Mai come a questo giro elettorale sembra superata la divisione classica fra elettore “di destra” ed elettore “di sinistra”. Innanzitutto perché le forze contrapposte sono almeno tre, per non considerare le varie sfumature di destra e di sinistra che a più riprese si screditano reciprocamente.

Ho la sensazione che, poiché ogni posizione politica presenta punti di contatto e di avversione con qualunque altra posizione, sia più corretto vedere le parti politiche come facce di un prisma che non come una linea che si distribuisce da destra a sinistra. Nell’attesa di un modello di suddivisione degli elettori più “tridimensionale” ho trovato un vecchio video (che posto in fondo all’articolo) che propone un modo diverso di superare la celebre domanda di Gaber su Destra e Sinistra, suddividendo gli elettori in Classici e Romantici.

Rivoluzione – Evoluzione

Secondo i Romantici un mondo migliore non è solo possibile, ma è anche a portata di mano, basterebbe attuare alcuni importanti accorgimenti: siglare o spezzare un accordo, dichiarare o terminare una guerra… l’elettore Romantico gradisce una politica più impulsiva, purché sia attiva, ed è incline a lasciare persino che la rabbia prenda il sopravvento in chi governa, confidando che possa dare una spinta trasformatrice. L’elettore Romantico è più orientato a vedere le cose per come idealmente “dovrebbero” essere e tende a giudicare la realtà confrontandola con un contesto migliore, ma immaginario. La realtà è dunque per loro una costante delusione.

Gli elettori Classici hanno invece un approccio molto sfiduciato verso le iniziative di governo. Il loro primo pensiero è rivolto a ciò che potrebbe andare storto, e si concentrano sull’obiettivo di limitare i danni. Sono consapevoli del fatto che le cose potrebbero andare molto peggio. Il loro giudizio sulle iniziative politiche viene soppesato sui precedenti storici,  con una buona dose di pragmatismo.

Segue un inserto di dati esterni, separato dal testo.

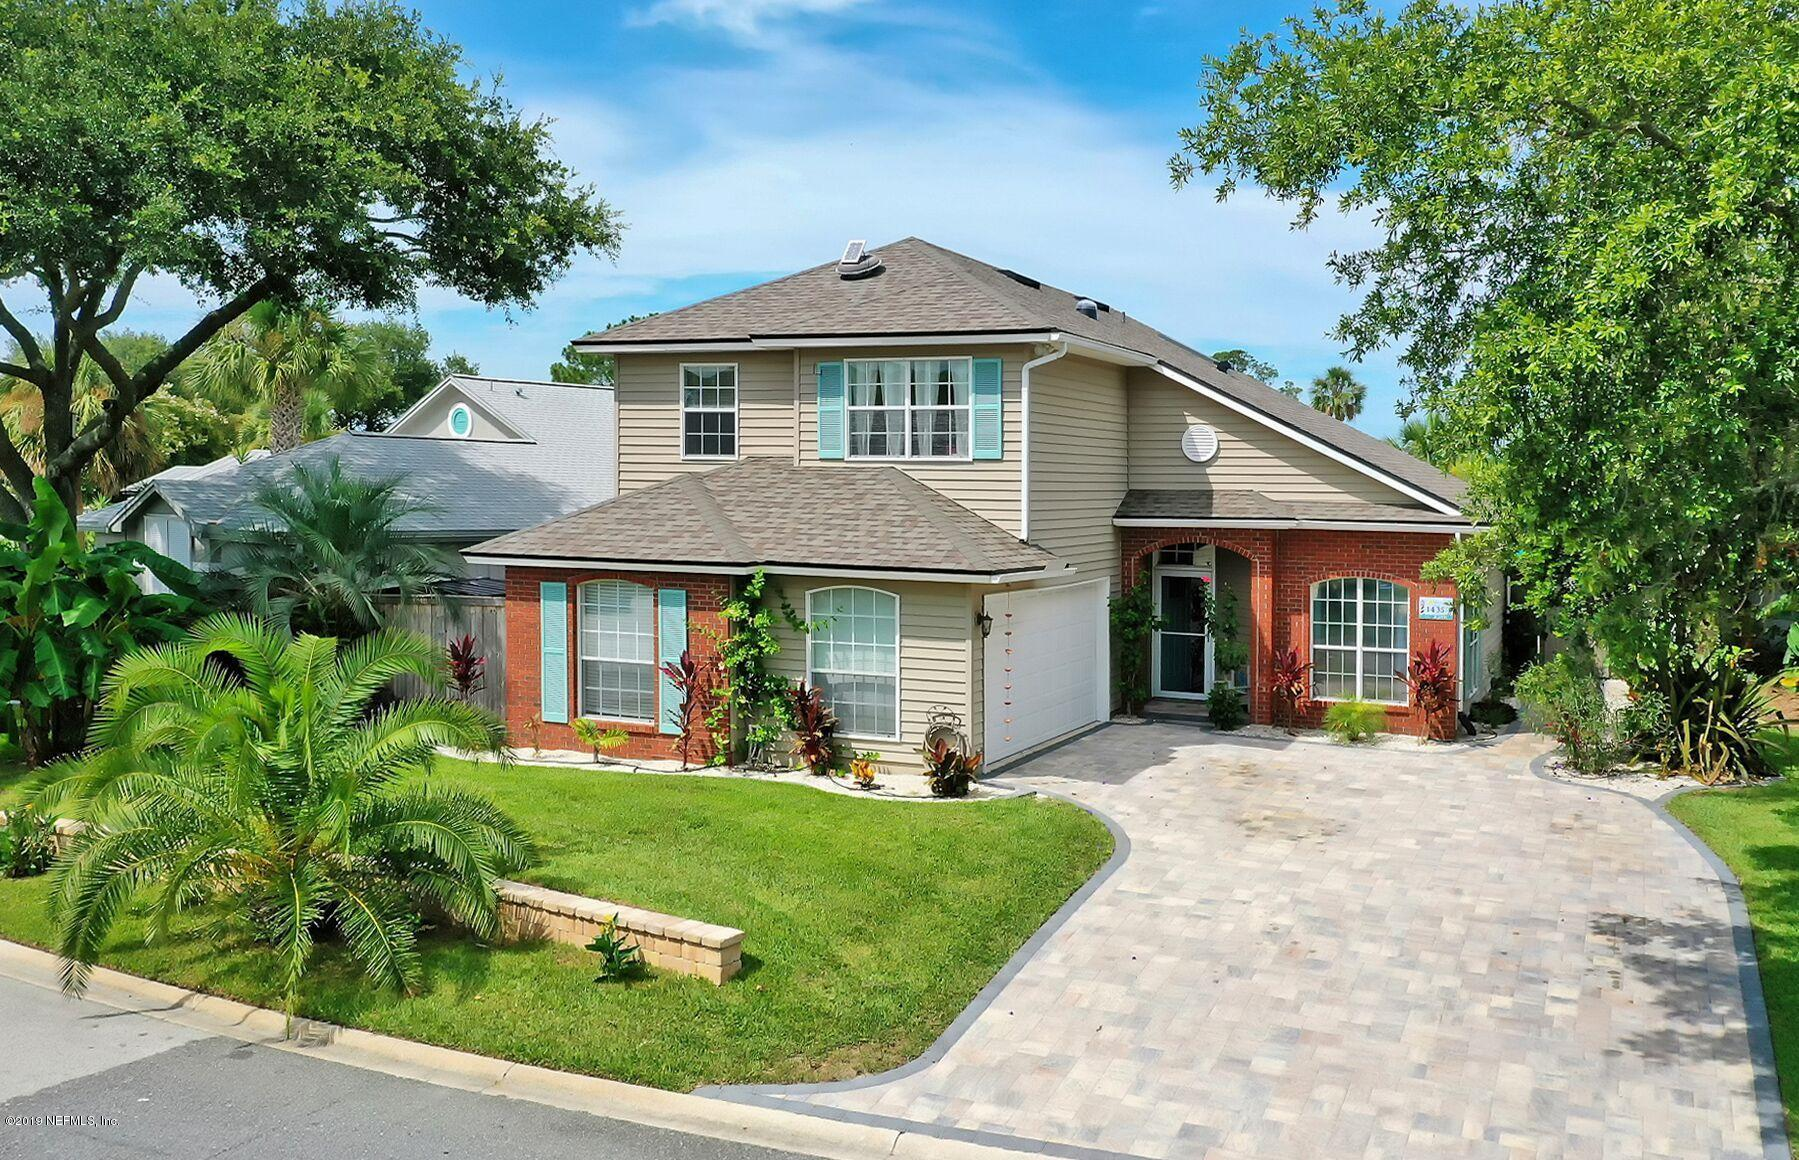 1435 LINKSIDE, ATLANTIC BEACH, FLORIDA 32233, 3 Bedrooms Bedrooms, ,2 BathroomsBathrooms,Residential - single family,For sale,LINKSIDE,1009231

La loro opinione del genere umano è piuttosto modesta, pensano che ogni persona sia peggio di quel che sembra, perché ogni persona nasconde dentro sé pericolosi impulsi e vizi. Uno degli scopi della politica è per loro contenere o quantomeno limitare queste derive, altro che dar libero sfogo alla creatività o alla forza, alla fantasia o alla bellezza.

Parlare di ideali li indispone, il loro principale desiderio è evitare che le cose peggiorino, pertanto il loro umano e insopprimibile desiderio di condizioni migliori cresce nel solco della cautela. Possono persino arrivare a immaginare il mondo come un posto migliore, ma purtroppo serviranno secoli perché questo si realizzi.

Colpa e responsabilità

I Romantici vedono chiaramente molte cose che non vanno e sono molto veloci nell’individuare i colpevoli: forse un gruppo sociale, o magari un altro popolo, il punto è che l’esistenza di un problema non può essere che il frutto della colpa di qualcuno, e dunque lo scopo della politica dev’essere quello di individuare i colpevoli e far sì che rispondano delle loro malefatte. I Romantici hanno una grande fiducia nella purezza dei loro valori, si sentono superiori (moralmente, culturalmente o intellettualmente) ai loro rivali.

Anche gli elettori Classici vedono ciò che non va. Ma sono anche consapevoli di poter cadere loro stessi in errore, il che li rende più esitanti, o cauti, nell’assegnare le colpe. Riconoscono come, in determinate avevrse circostanze, loro stessi avrebbero potuto sbagliare e ritengono che nessuno abbia il monopolio della rettitudine. Per loro il male è -per lo più- proporzionalmente distribuito tra gruppi e classi sociali, dunque è meglio esercitare la tolleranza.

Individui e Istituzioni

Per i Romantici ogni cosa buona ottenuta nella storia proviene da individui di talento o da élite illuminate che hanno saputo prendere in mano il destino sciogliendo i lacci dell’inerzia, demolendo il conservatorismo della massa e delle istituzioni.

Agli elettori Classici -al contrario- non piacciono i campioni individuali o le élite, perché ricordano le debolezze umane che affliggono ognuno di noi, anche i più intelligenti. Preferiscono dunque un impianto solido di regole che disciplina un lento movimento delle istituzioni, disegnate per limitare il potere individuale di spostare la direzione del gruppo.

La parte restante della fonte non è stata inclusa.